[[ PROVIDED MATERIAL, beginning ]]
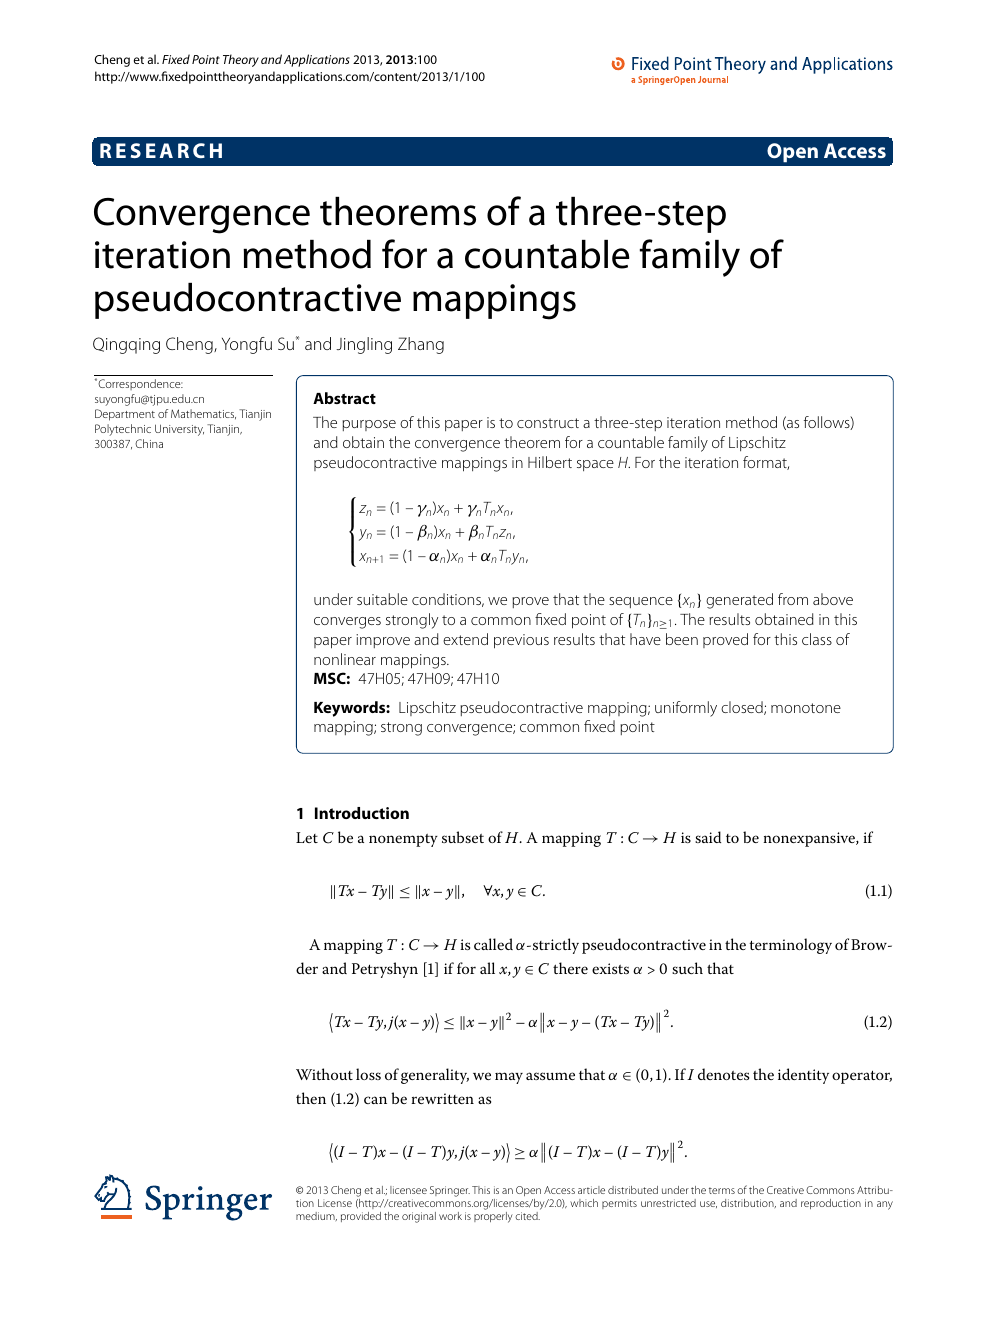 Convergence Theorems Of A Three Step Iteration Method For A Countable Family Of Pseudocontractive Mappings Topic Of Research Paper In Mathematics Download Scholarly Article Pdf And Read For Free On Cyberleninka Open
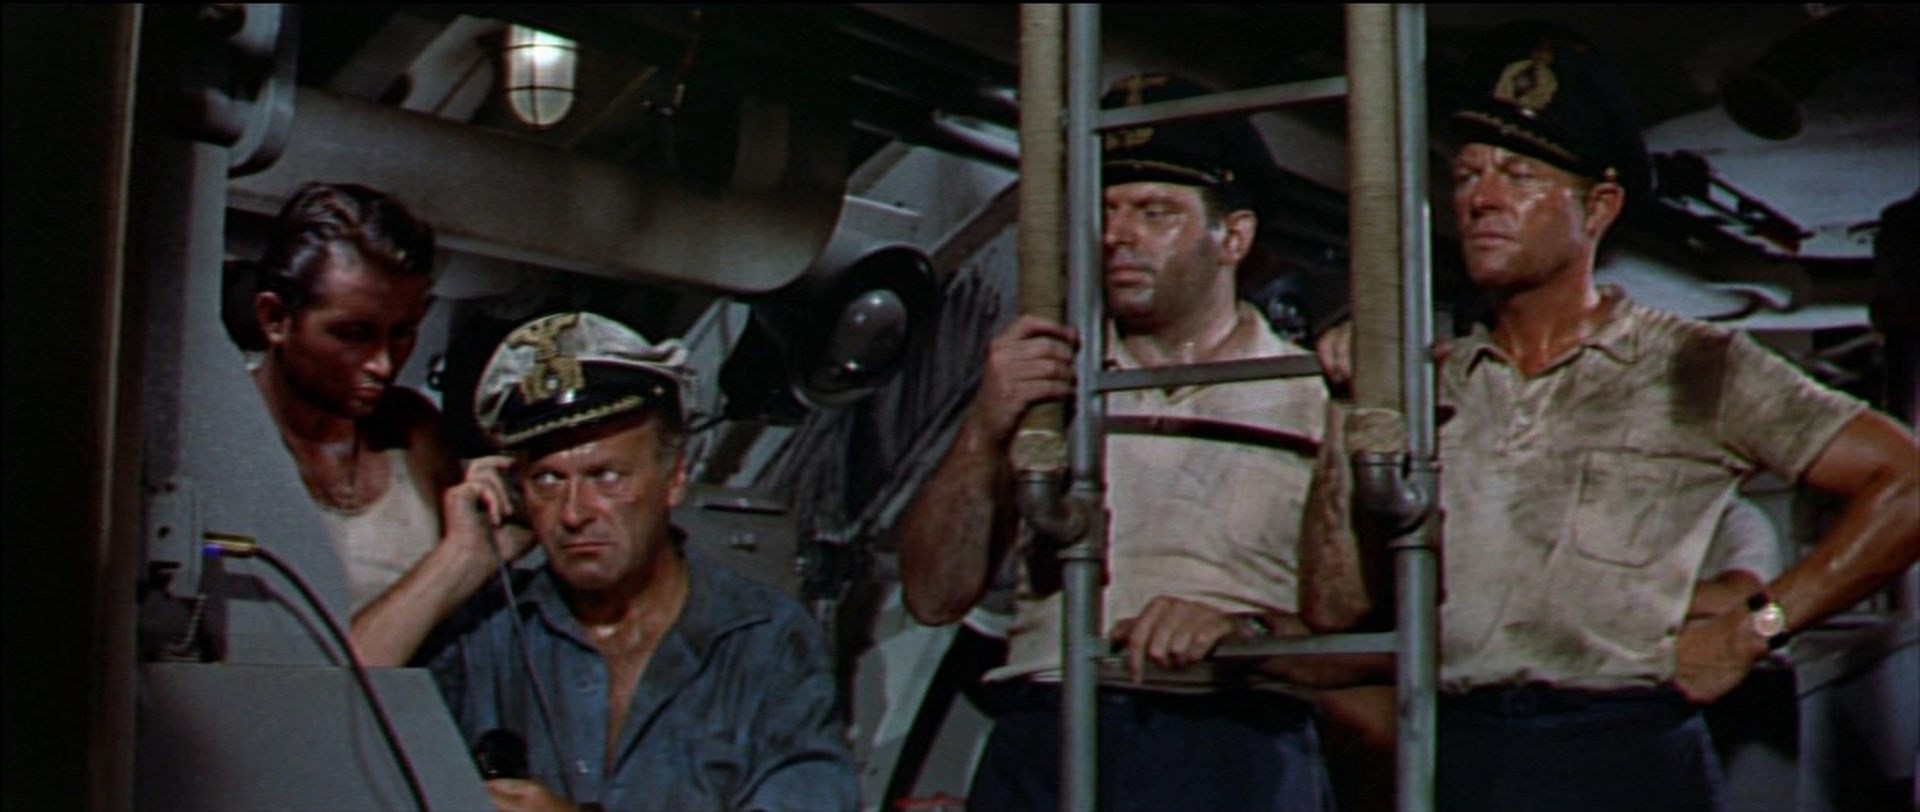 Bridge of a German submarine: Curd Jürgens as captain with a tense look in the presence of three submariners, all sweaty and oily.
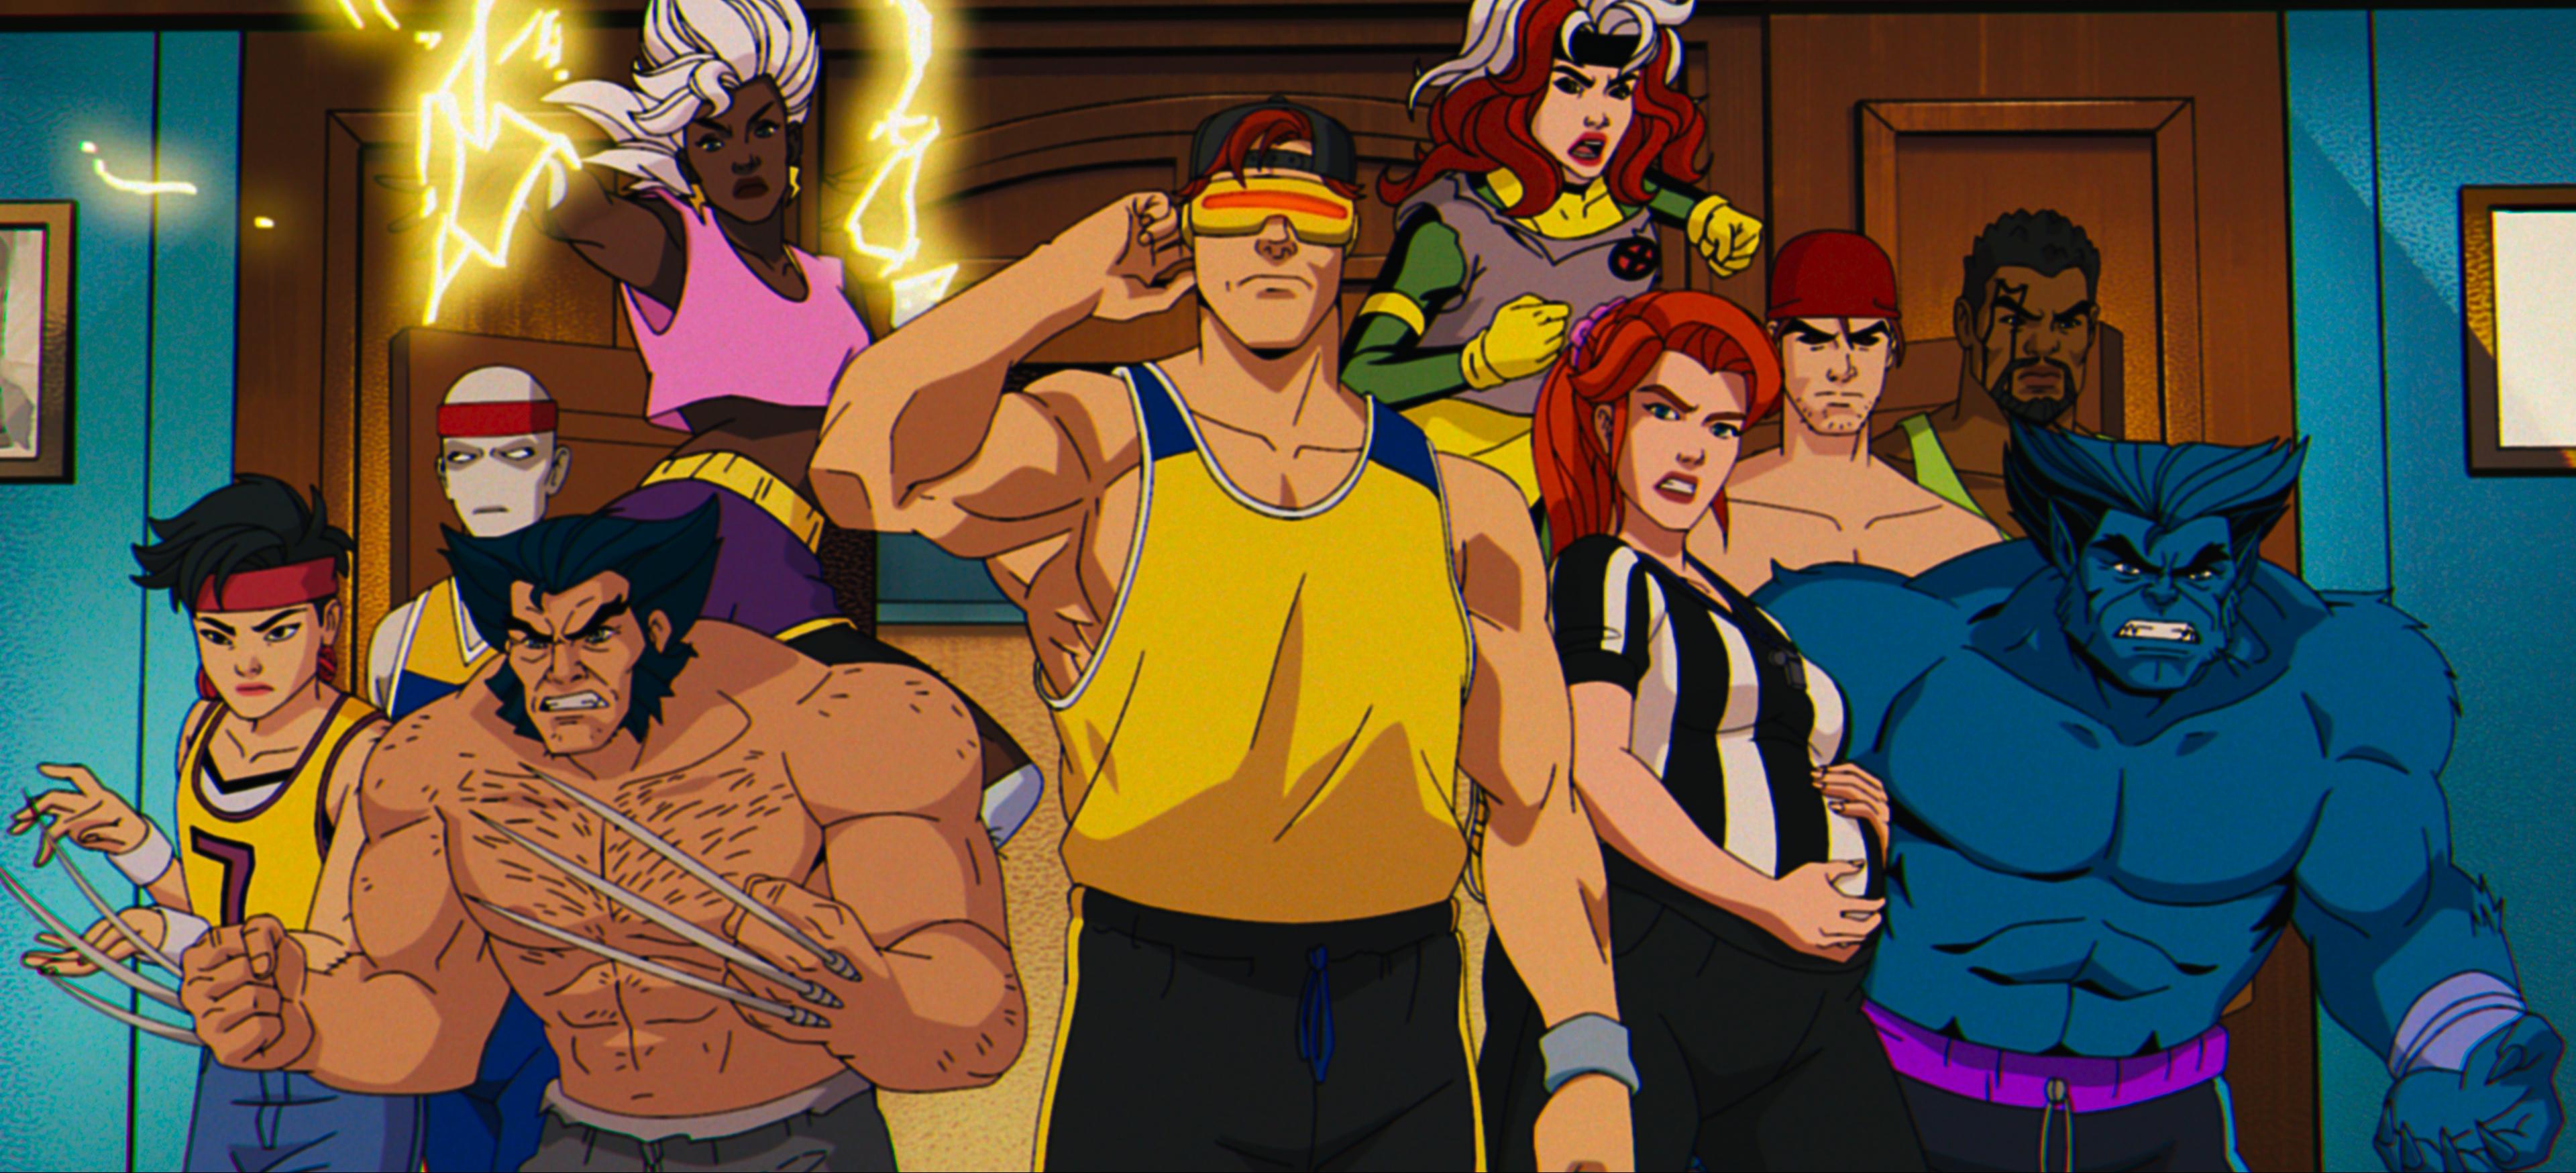 X-Men ’97 - March 20 - Streaming on Disney+X-Men ’97 breathes new life into the iconic saga of the X-Men, picking up where the beloved ’90s show left off. As the X-Men navigate a world without their mentor, Professor X, they face new and dangerous challenges that test their resilience and unity. Amidst a society that continues to distrust and fear mutants, the team must confront their limits as they fight to protect a world on the brink of chaos.
[[ PROVIDED MATERIAL, end ]]
# AIM OF THE TASK
Give back, exactly as written, the lines from the top of the material above to the line containing "Bridge of a", both included; skip every picture.

# YOUR SOLUTION
 Convergence Theorems Of A Three Step Iteration Method For A Countable Family Of Pseudocontractive Mappings Topic Of Research Paper In Mathematics Download Scholarly Article Pdf And Read For Free On Cyberleninka Open
 Bridge of a German submarine: Curd Jürgens as captain with a tense look in the presence of three submariners, all sweaty and oily.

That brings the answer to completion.